Pete Clemons on the Lanchester Arts festival gigs at the Coventry Locarno 1972.
For the Coventry Telegraph.
(Readable Text below the graphics.)
Pink Floyd's Great Gig in the Sky Blue city; YOUR nostalgia.
Pete Clemons - for the Coventry Telegraph
MUSIC historian Pete Clemons, from Keresley, looks back at how a change on the bill saw Coventry witness the shaping of one of rock music's iconic albums.
AS many will know the Pink Floyd album 'The Dark Side of the Moon' was released almost 40 years ago, on March 1, 1973, and became one of the best selling albums of all time.
It was recorded over two sessions at Abbey Road studios during June 1972 and January 1973 using the then most advanced recording equipment available at that time with reportedly 50 million copies being sold worldwide.
However, the finished product that most listeners are now familiar with was far from how it sounded at its conception some eighteen months earlier. And Coventry had a very early preview of that now iconic album twelve months before its final release.
On February 3, 1972 the band stopped off at The Locarno for a gig in support of the Lanchester Polytechnic arts festival where Chuck Berry and others had performed earlier in the evening/night. And when, eventually, Pink Floyd reached the stage at around 2.30am they played a complete new album under the working title of Eclipse. It quickly became apparent to those who had attended the gig that they had truly witnessed something incredibly special.
Two weeks after that Coventry gig, and by the time the band had reached London, the same album was given its first airing to the press and media at the Rainbow Theatre. The title had been changed to Dark Side of the Moon - A Piece For Assorted Lunatics.
The music's live debut had been at The Dome in Brighton on January 20 and the Coventry gig had been the seventh time Eclipse had been performed live. The Lanchester Arts festival date had been in the middle of a short British tour that culminated in several London dates. Comparing the 'bootleg' copy of the music that I have had for many years, and which I believe to be the Brighton gig, the main differences between those early outings and that of the album in its final form included:
Tracks 1 and 2 - 'Speak to Me' and 'Breathe' barley existed. The introduction was altogether different.
Track 3 - 'On the Run', whose working title was originally 'The Travel Sequence', was a guitar and drum jam and would remain that way for the rest of the year.
Track 4 - 'Time' was played at a slower speed and the first half of the verses were sung by David Gilmour and Richard Wright together. The line in the song 'Tired of lying in the sunshine' was sung as 'Lying supine in the sunshine' at those early performances.
Track 5 - 'The Great Gig in the Sky', whose working title was 'Religion' or 'The Mortality Sequence', consists of synthesized organ and various tapes of preachers either preaching, reading passages of the Bible and reciting The Lord's Prayer.

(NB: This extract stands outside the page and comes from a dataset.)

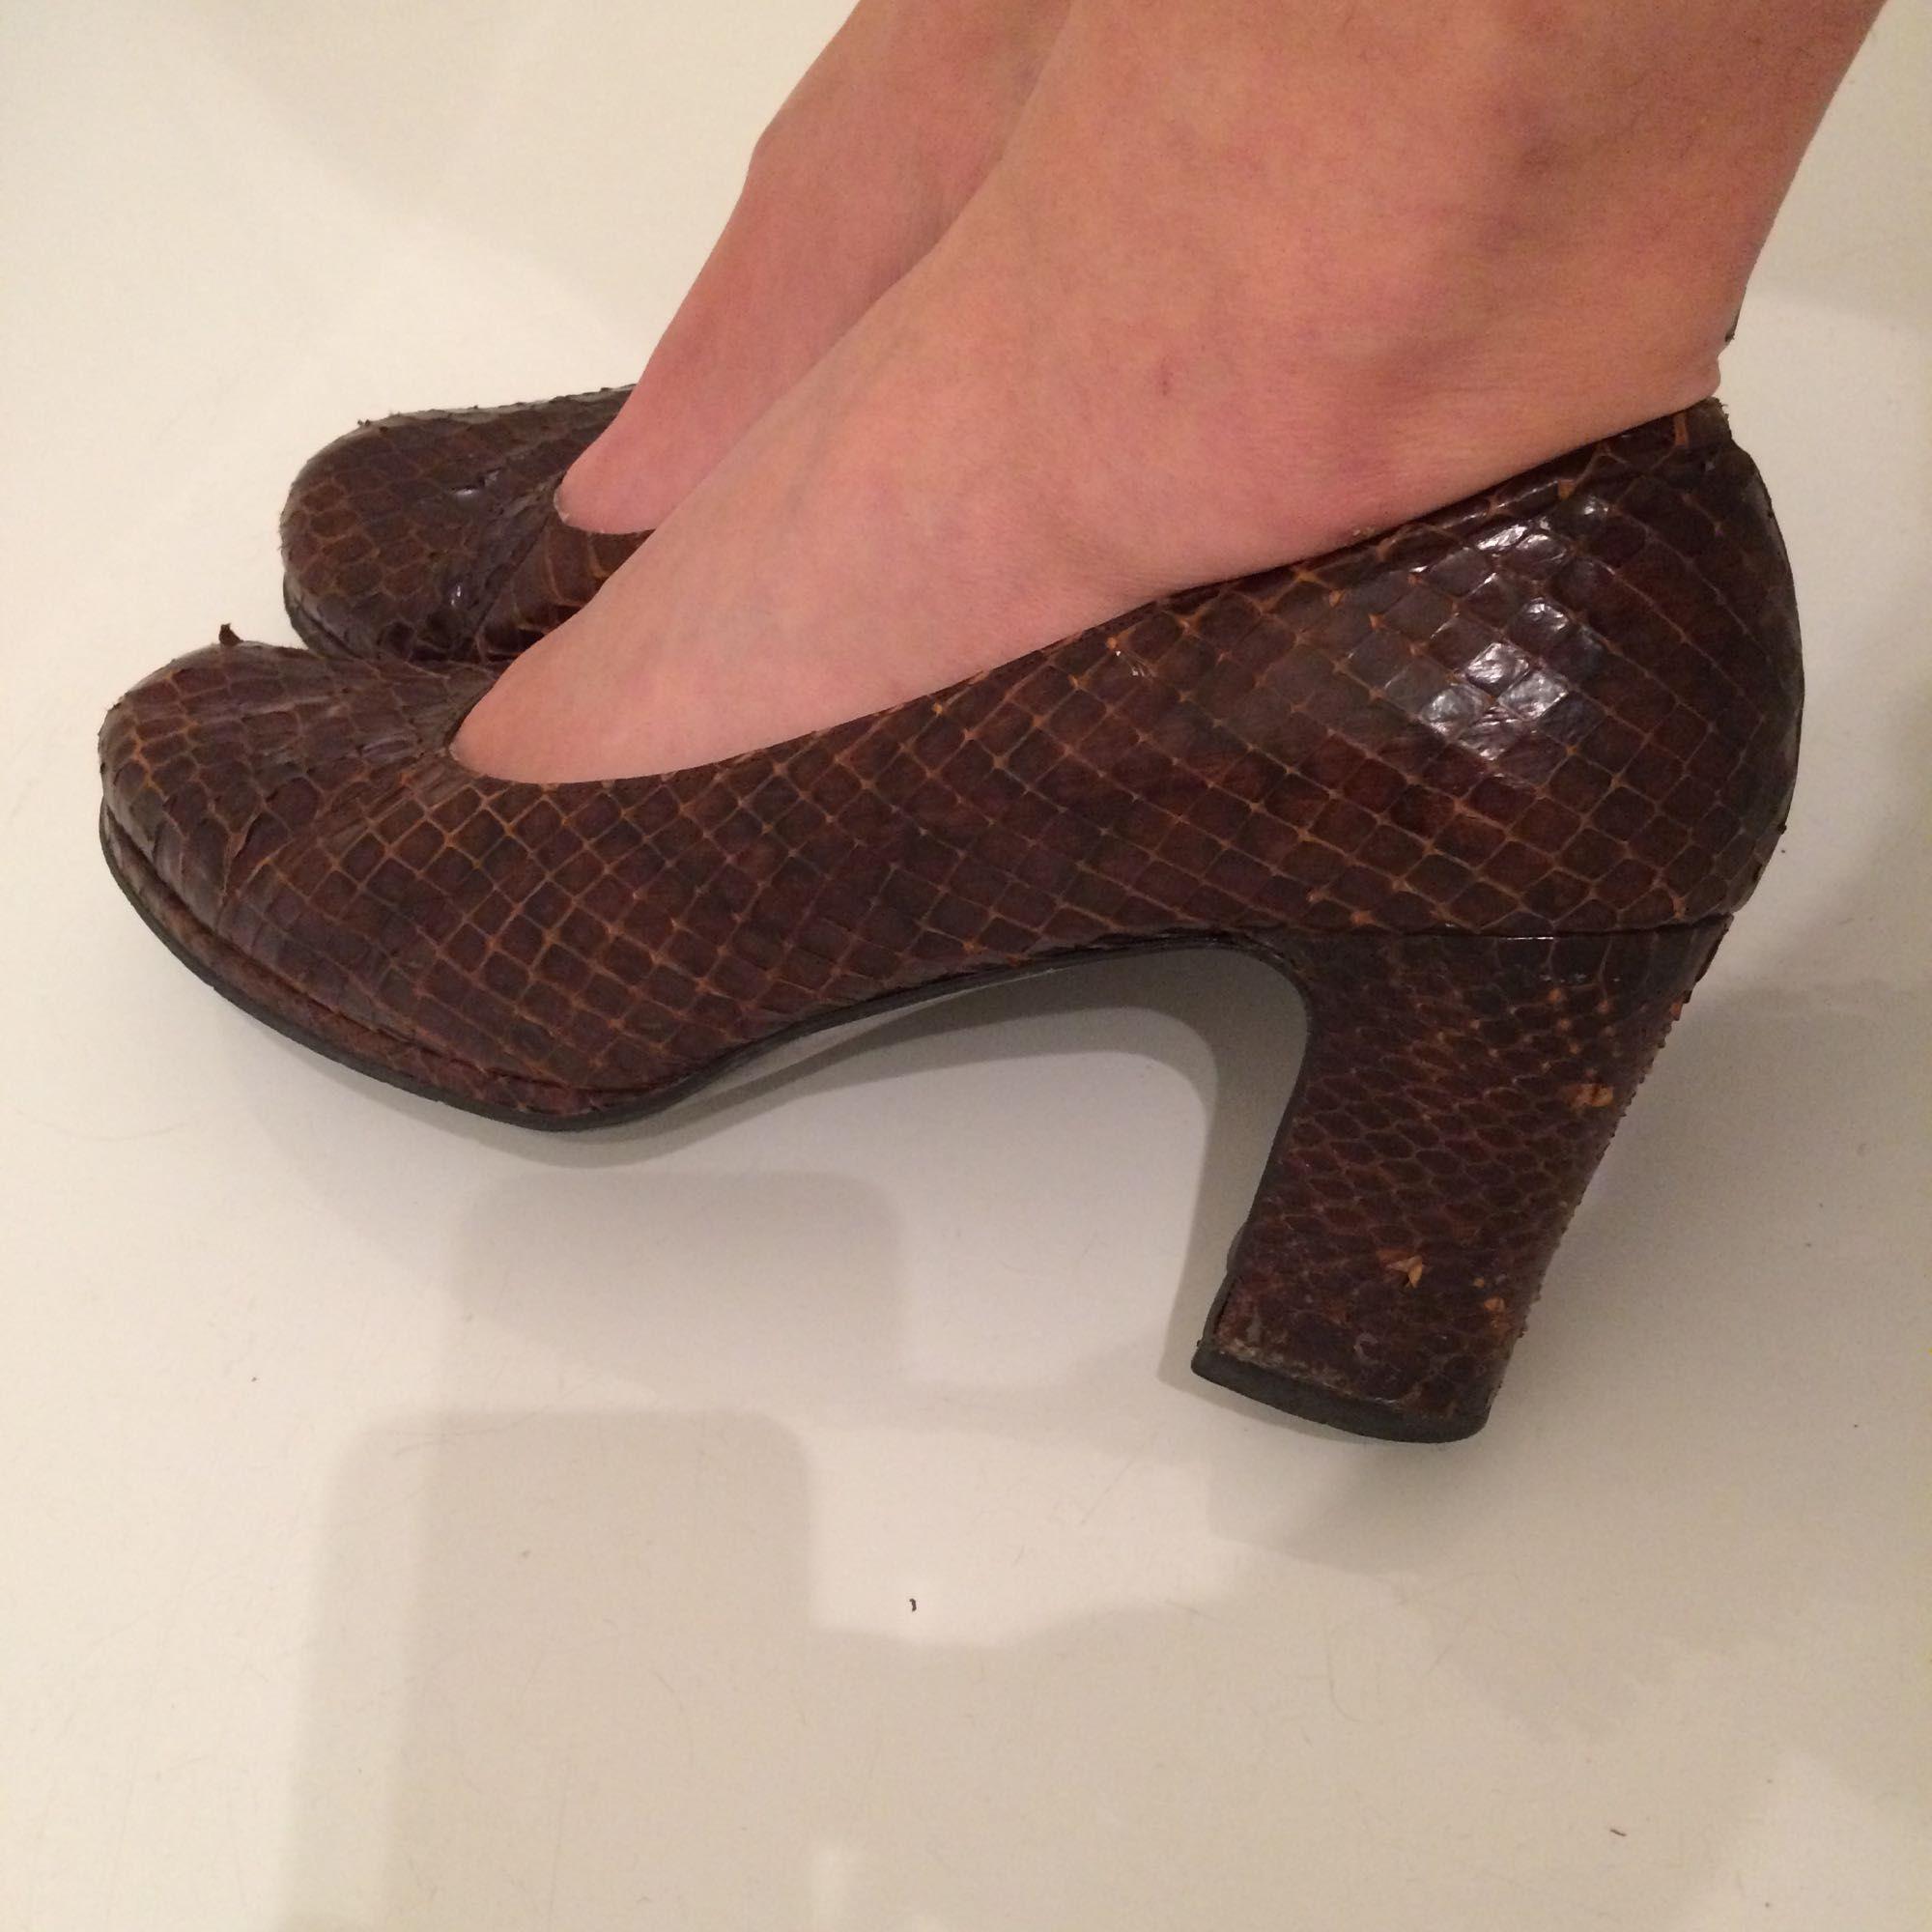 Äkta ormskinn skor! 6 cm klack - Skor - Second Hand 40690263370f7

Clare Torry's epic solo just did not exist at that time.
Track 6 - 'Money' began with a longer introduction on the bass, and the saxophone solo part was instead played on electric piano.
Track 7 - 'Us and Them' had no Dick Parry saxophone solos as heard on the album.

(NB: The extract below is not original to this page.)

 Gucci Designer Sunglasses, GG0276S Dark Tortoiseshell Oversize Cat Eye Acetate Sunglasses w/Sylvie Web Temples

Track 10 - At early gigs, the song 'Eclipse' was devoid of any lyrics and nothing more than an extension of track 9 'Brain Damage'. The suite was developed during live performances and it was only later that the lyrics were introduced into these passages. None of the spoken word pieces as found on the final released album were performed at all during 1972.

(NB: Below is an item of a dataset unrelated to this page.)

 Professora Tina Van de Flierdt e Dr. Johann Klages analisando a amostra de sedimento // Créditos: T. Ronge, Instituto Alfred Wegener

Incredibly, and after the London Rainbow Theatre gigs, late February 1972 saw the band enter a French studio for the first of two sessions to record the Obscured by Clouds album which was saw release in June 1972.
In fact 1972, although amazingly productive, also saw a hectic work schedule for the band that in short looked like this: late February, first recording session in France, early March short tour of Japan, late March second recording session in France then from April onwards a tour of the U.S. then Europe and back to the U.S again.
During April, when the band arrived in the U.S, the music's title had reverted back to Eclipse (A Piece for Assorted Lunatics) only to change yet again to Dark Side of the Moon - A Piece for Assorted Lunatics in September for the second half of the U.S. tour. The band finally settled on the title of 'The Dark Side of the Moon' shortly before its release.
The recent 'immersion' box set editions of Pink Floyd albums have at long last given light of day to some of those embryonic tracks in the form of several live recordings from that Brighton gig being cleaned up and included on a disc of unreleased tracks along with a very early mix of the full album.
I don't think the scale of the albums success could ever have been foreseen during the 40 years since it was released. It has topped the album charts in the U.S. and several other countries, although never in the UK where it only managed to get to number 2. It remained in the American billboard charts for 741 consecutive weeks. And with every subsequent reissue the album, even today, is an occasional visitor to the charts.
And to think that the only reason Pink Floyd had appeared in the first place was because David Bowie, an original choice for the Lanchester Arts Festival, had pulled out.